Я выхожу на улицу на ватных ногах и, с трудом передвигая их, дохожу до забора. Audi трогается с места и через считаные секунды скрывается за поворотом, а я еще долго стою, ожидая, пока холодный вечерний воздух вернет нормальный цвет раскрасневшимся щекам, а сердце перестанет бешено колотиться.
«У тебя есть мой номер».
Это, конечно, не прощение, но, возможно, это именно то, с чего я начну свой путь ему навстречу.
Глава 23
Бабушка встречает меня со слезами на глазах, Кирилл – с мрачной улыбкой, в которой мне чудится раскаяние. Неужели ему в самом деле стыдно? Но почему? Он же действовал так, как считал нужным. Он умолял меня, он заставил меня поверить, что так нужно.
– Александр не с тобой? – Бабушка смотрит мне за спину, но я отрицательно качаю головой и закрываю за собой входную дверь.
Странно слышать из ее уст его имя. Такое ощущение, что за те три дня, которые я отсутствовала дома, все изменилось настолько, что Ди Анджело стали нашими друзьями. Абсурд какой-то.
– Ну, иди же ко мне. – Бабушка распахивает свои объятия для меня, и я послушно делаю шаг ей навстречу. – И как только ты решилась на такое? Не представляешь, что я себе напридумывала.
– Извини, бабуль, я не хотела, чтобы ты волновалась, – шепчу я, вдыхая аромат ее духов, смешанный с запахом свежей выпечки. – Но тогда я все видела в другом свете. Мне нужна была эта передышка. Я сожалею, что получила ее ценой твоего спокойствия.
– Ты голодная, наверное? – Отстранившись, бабушка внимательно изучает мое лицо. – Похудела опять.
– Нет, я поела в самолете.
– Ну что там за еда в самолете? – беззлобно ворчит она. – А я твой любимый пирог с курицей испекла. Будешь?
– Ну если только кусочек, – соглашаюсь я, не желая обижать ее.
Во время этой сцены Кирилл стоит, опершись на дверной косяк в прихожей, но стоит бабушке выпустить меня из объятий, он как-то неловко тянется ко мне, но останавливается, не сделав этого финального движения. Поэтому его делаю я – крепко обнимаю брата, пряча лицо у него на груди, ощущая, как скованность постепенно уходит из его тела и он, расслабившись, наконец обнимает меня в ответ. Пусть подобное проявление чувств нам с ним совершенно несвойственно, но сейчас оно кажется мне единственно верным.
– Прости, – говорит Кирилл сдавленно.
Очевидно, он очень редко извиняется, а в разговоре со мной вообще делает это впервые. Но я не чувствую никакого злорадства или удовлетворения – заметно, что задержание сильно ударило по нему и он все еще отходит от того, как все для него обернулось.
– Не нужно. Все нормально. Я так рада, что ты дома. – Делаю попытку улыбнуться, чтобы подбодрить Кирилла. – Расскажи мне, как получилось, что тебя выпустили? Я думала, шансов на это нет.

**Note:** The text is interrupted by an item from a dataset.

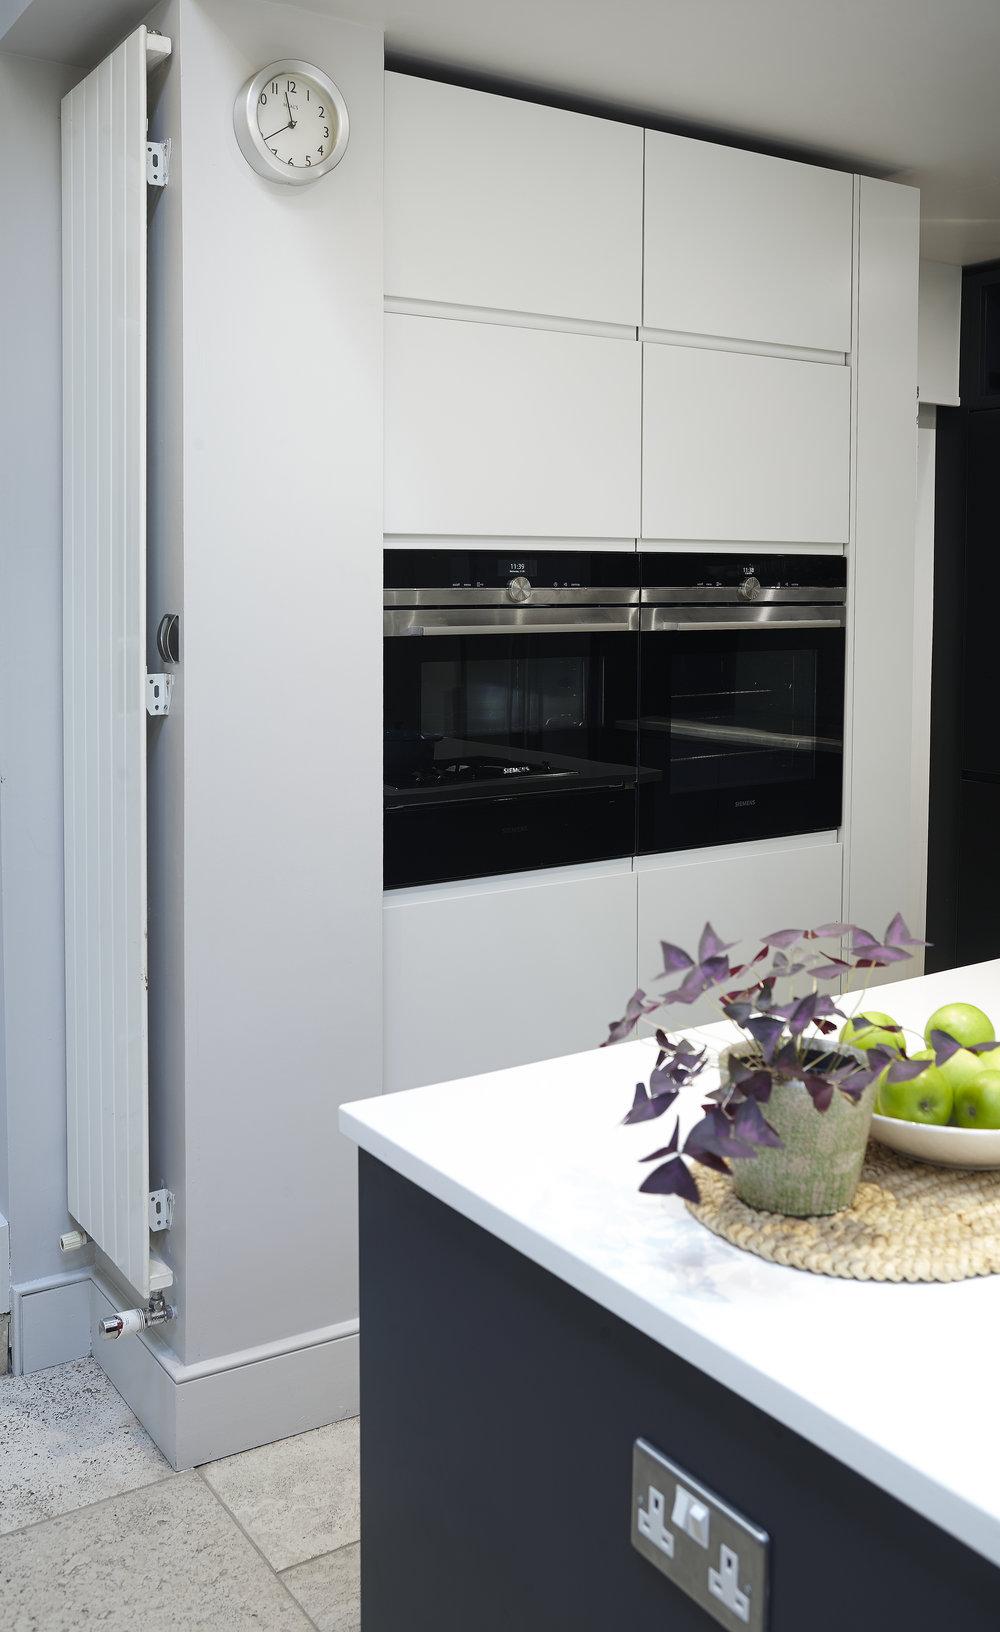 kitchens1127.jpg

– Я тоже так думал, – подтверждает брат. – Но Алекс смог договориться, чтобы меня отпустили под залог, пока идет следствие.
– Алекс договорился? – ошарашенно уточняю я. – Вы же ненавидите друг друга!
– Расскажи мне об этом! Кто знает, что у Ди Анджело на уме и почему он мне помог? – Брат пожимает плечами. – Когда он узнал, что ты исчезла, он едва меня не придушил. Но я точно знаю, что про залог он договорился, хотя сам он мне этого, разумеется, не говорил.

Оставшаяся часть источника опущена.